With this framework in mind, let’s see how they can make it happen.

What to measure?

To help their portfolio startups, the accelerator team first needs to have access to relevant and up-to-date information about each of the startups. We suggest requesting regular updates about:

  • Traction. This is a magic word among startup investors and one of the key factors taken into consideration when deciding whether to make an investment. Traction takes form of metrics that demonstrate the attractiveness of startup’s value proposition to customers. To an investor, they are an indication of a startup’s future earning potential or exit value. The metrics themselves depend heavily on the type of startup, stage and business model. For example, key metrics for a SaaS startup are around number/growth of subscribers and their LTV. A marketplace startup should report metrics related to transactions made on their platform. Key metrics for a social network are daily active users and their engagement such as average visit duration, number of activities, etc. The accelerator and a startup should agree on max 2 or 3 metrics that best describe growth for each startup – in money terms, percentage growth or absolute numbers.
  • Fundraising. This should be information about current valuation, how much the startup is looking to raise, who are current investors, what kind of investor profile is the startup looking for, who they are talking to now, etc.
  • Achievements. Investors like to bet on winners and often observe all signs of social proof before making a decision to invest. For example, Mattermark, an analytics company for startup investors, includes followers on LinkedIn, Twitter as well as Facebook Likes and visits to website among the signals determining if a startup is hot. Reporting on the latest mention in TechCrunch, an award, or big milestone reached are all great pieces of information that accelerator staff can share with potential investors and mentors.
  • Cash. Startups fail when they run out of cash; it’s as simple as that. Regularly monitoring cash burn rate and remaining runway allows to raise alarm bells early enough to have time for action.

This is a mix of qualitative and quantitative information that is actionable and can help accelerator staff make introductions to investors and mentors. Some of this information needs to be reported on a regular basis, some only when there are changes, or important news. The additional benefit of requiring such updates is making the founders think regularly of the big picture and keep fundraising firmly on their agenda.

Setting up and managing the process

After agreeing on the metrics, the next step is to set up the process to make sure the reported information is easily accessible and can be acted upon. Most common practices used nowadays involve emails, Excel spreadsheets and shared folders. Such system works fairly well if an accelerator has 5 startups in the portfolio, but what if they have 20 startups… in each cohort? Sending reminders to founders, editing different formats of information, sharing the updates with people, adding new people to share it with is basically a full time job if done right.
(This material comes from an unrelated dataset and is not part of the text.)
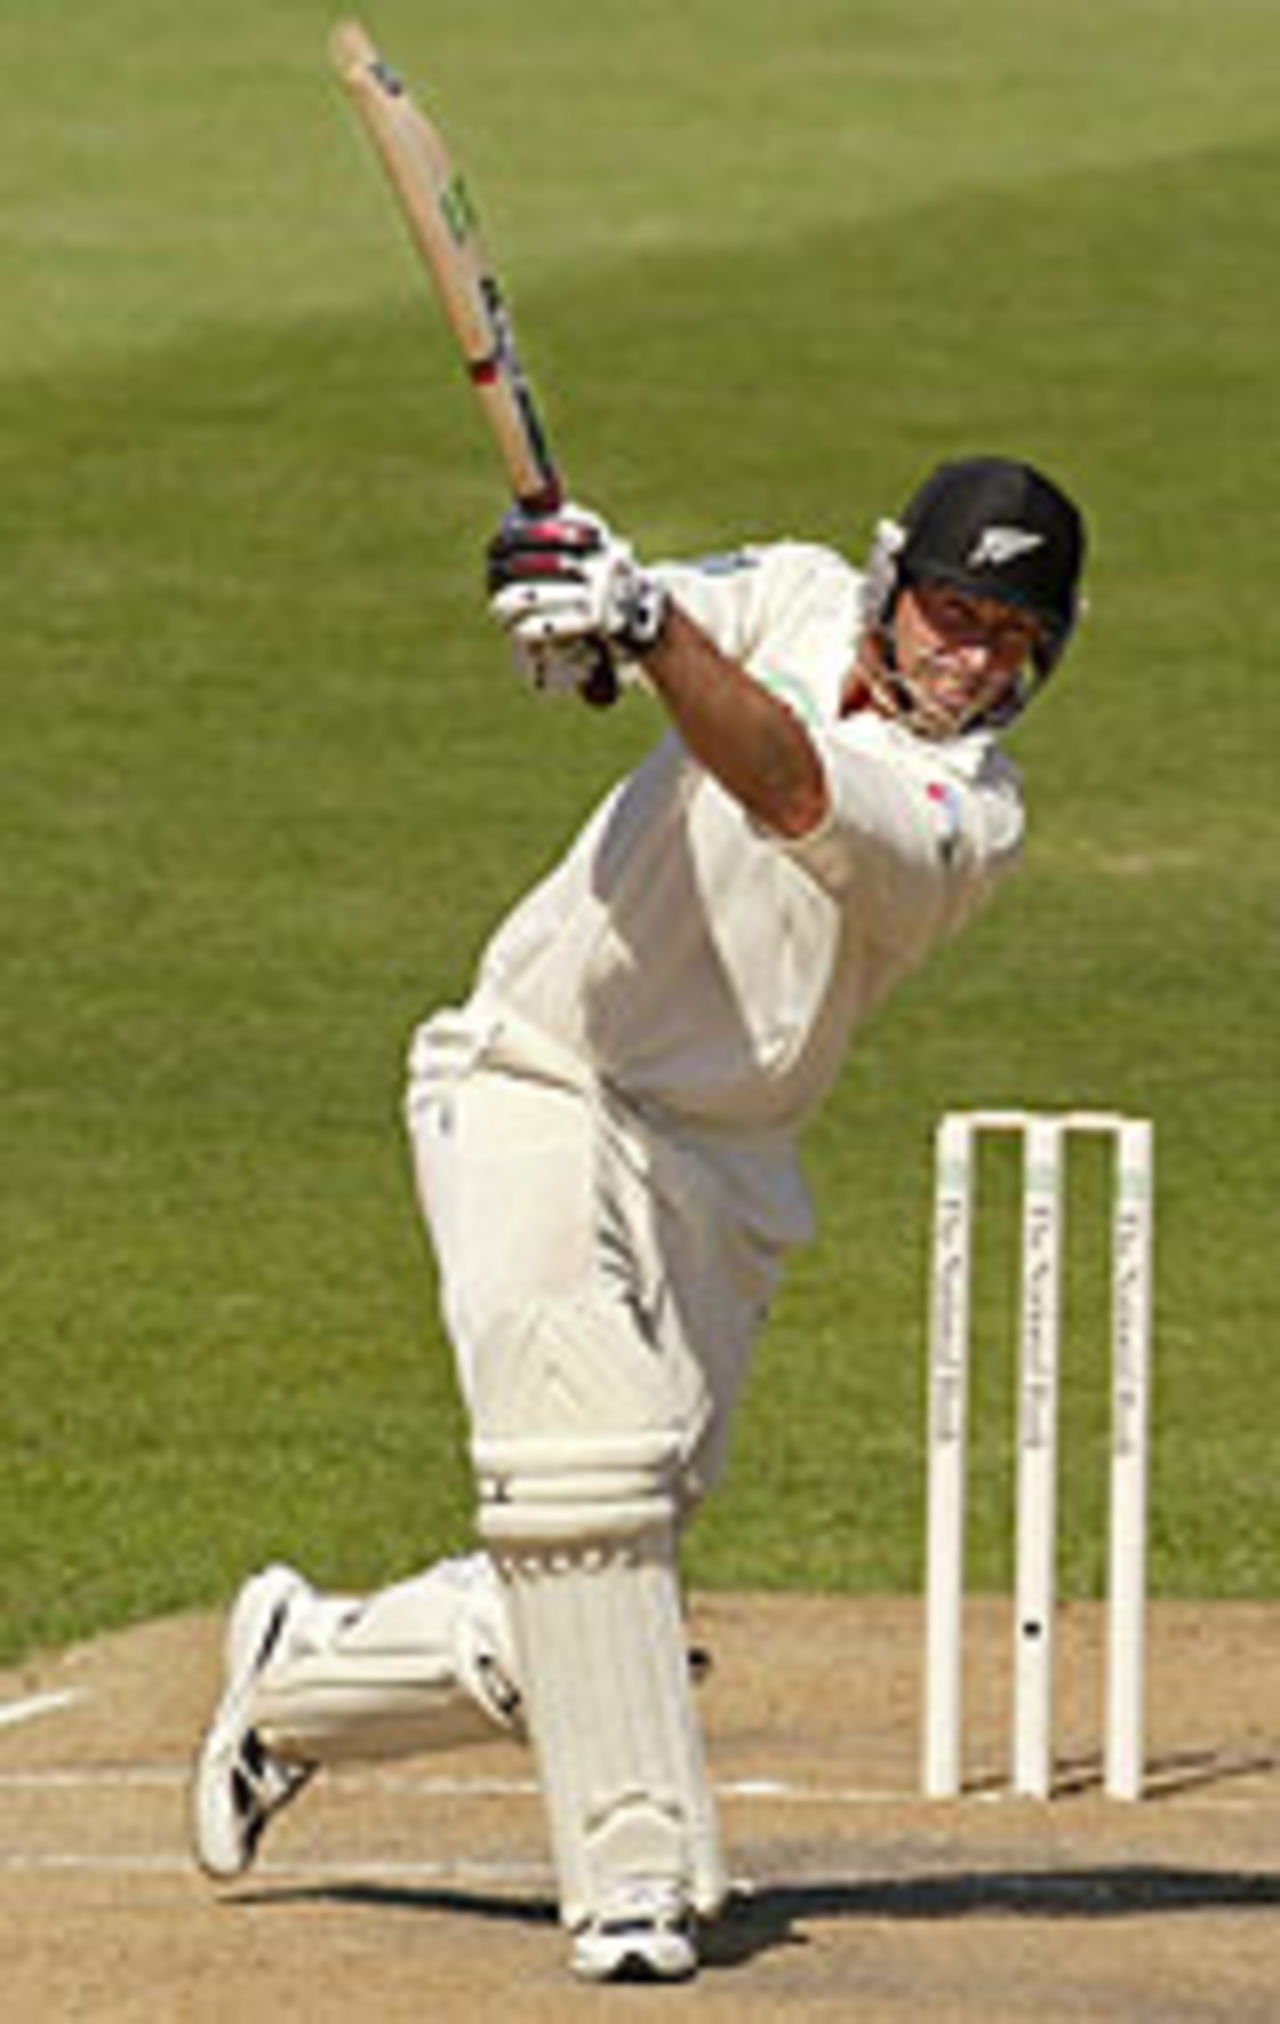 Stephen Feming hits out, New Zealand v South Africa, 2nd Test, Auckland, 5th day, March 22, 2004

The best solution for that problem is using a dedicated tool. The benefits? With solutions available now on the market, including Fundacity, you can set reporting request just once and then:

  • Forget about sending reminders
  • Receive all information regularly and in a consistent format
  • Share it with more people as all information is accessible in the cloud

Once the information starts coming in regularly, the whole focus for the accelerator team should be on making sure it is actually used to help portfolio startups and not left there in the cloud. There are several ways to make that happen:

  • We suggest there is a dedicated person in the accelerator team responsible for reviewing the updates and making sure portfolio startups are always on the agenda.
  • There should be regular staff meetings where the updates from startups are discussed and converted into concrete actions.
  • Finally, helping portfolio startups should be included in annual goals for the whole accelerator as well as in individual goals for individual team members i.e. not only portfolio manager, but partners and e.g. marketing executive too.

Summary

We all hate when we see promotions for “new customers only”. It seems like startup accelerators often have the same mentality, putting much more emphasis on attracting new startups to their programs than on helping the ones in which they have already invested. At the same time startups invest in their Customer Success teams realizing that taking care of existing customers is at least as important for growth as acquiring new ones.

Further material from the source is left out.